None of the victims could afford to wait and gamble for a win. Before the settlement came, some were already dead of preventable medical crises they couldn't afford to get treated.

You want to get mad about being potentially cheated out of a video game, maybe give some thought to the state of the American legal system as a whole, is what I'm saying. This happens constantly, to people much more vulnerable and projects much more important.)

Q: Okay, but why was it a confidential settlement?

A: Because the defendant insisted upon that as a condition of the payout. This is normal.

Q: Why could WP talk about it over Kickstarter, then?

A: I can't totally answer this without knowing what the settlement said, which obviously I do not. And I'm not familiar with any legal precedent for the situation - I'm not sure there is any! Which is part of the problem WP was facing here.

I'm only guessing, but there was probbbbbbably some Kickstarter-backer-specific language in the agreement like "you can only tell this to donors, and they have to ask for the information first, and they also have to keep confidentiality" or maybe even "you can only tell this donors of a certain tier and above, and [etc]." Kickstarter itself may have had some role stipulated in terms of disclosure, even? I don't know! Crowdfunding law is fucked up.

If there hadn't been such language, it would have been an unbelievably messy legal area, to my understanding. Like:

* WhatPumpkin arguably could not have talked about it even with the Kickstarter backers, or even admitted to them (or anyone else) that the settlement had happened, without being in breach of settlement. But if it ever accidentally became public, they could be pretty sure that at least one Kickstarter backer would sue them for breach of fiscal something-something, I don't know what term I'm looking for here.

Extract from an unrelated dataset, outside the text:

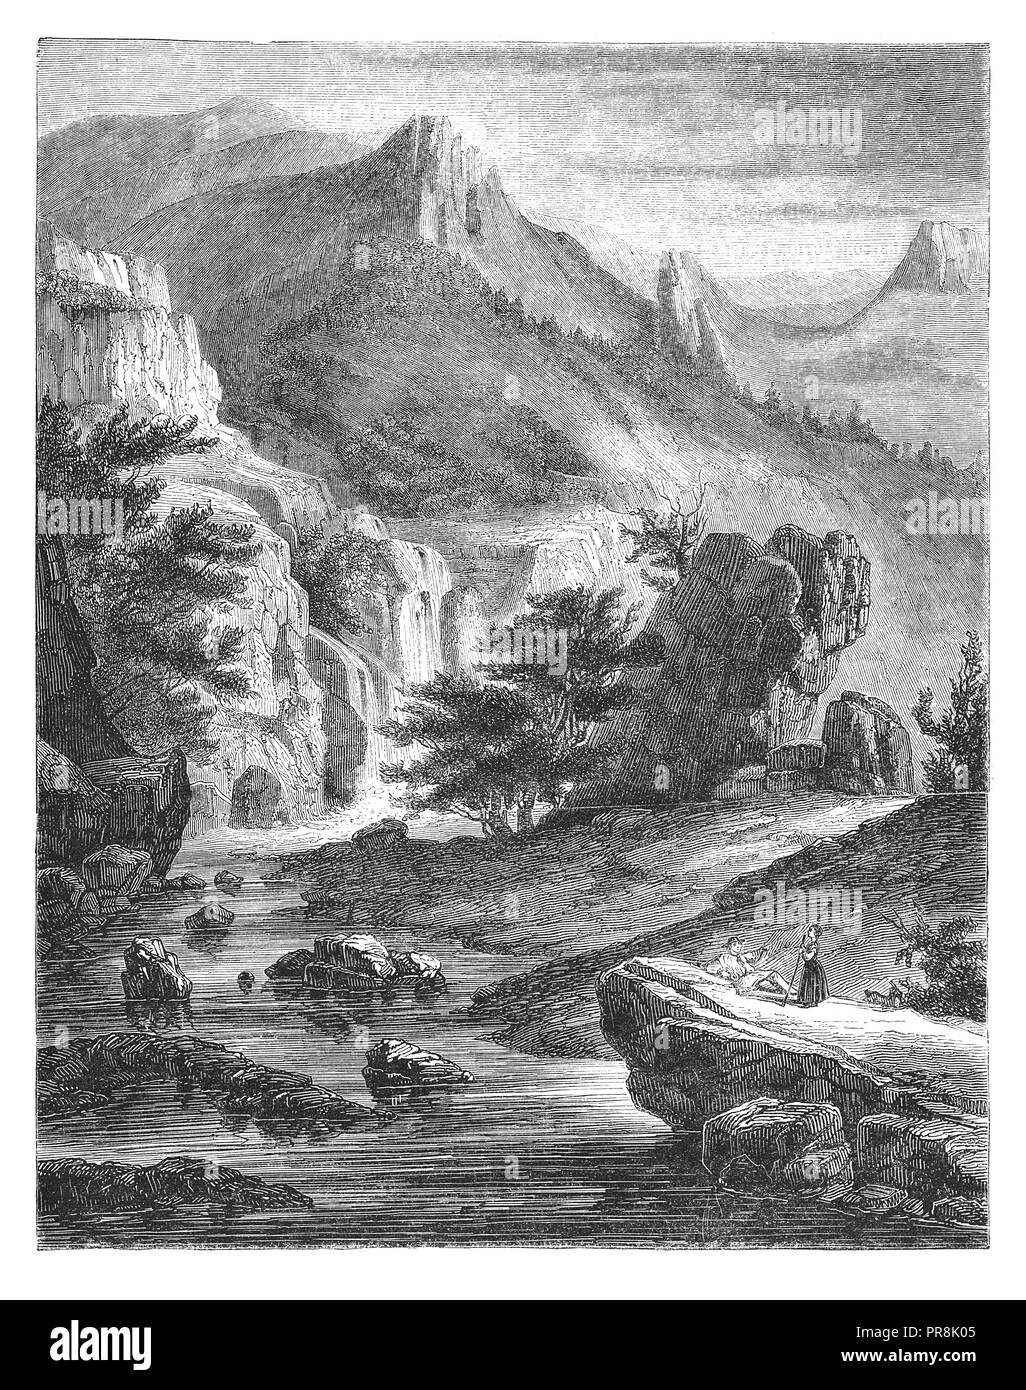 Xix secolo illustrazione della vista della valle Chaudefour, nel dipartimento del Puy-de-Dôme, distretto di Issoire. Illustrazione originale pubblicato in Le ma Foto Stock

* Or WhatPumpkin arguably were required to inform all of the Kickstarter backers, and have been negligent by not doing so. But if they'd taken that interpretation, TOG would have immediately accused them of being in breach of the agreement, and the lawyers would be back out.

So, yeah. This would obviously put WP in an awful legal position, where they're in potential trouble no matter what they do. Like I said, crowdfunding law in the US is some scary wild-west nullsec bullshit.

So, y'know, I hope that there was in fact some language covering the situation in there, because otherwise shit's about to get ugly, laws-ways. It may be anyway!

Q: So should IPGD not have made that post?

A: They were probably not supposed to have done that, no. It was going to come out sooner or later, though. I hope it doesn't get them or WP in any trouble. It might.

-

And that's all I can think of to say right now? Lawyers: please let me know if I fucked anything up here.

Everyone else: Uh, you can ask questions here, but I cannot promise I will have the ability to answer them? I'm just a paralegal, and my experience with civil law has relatively little overlap with this situation.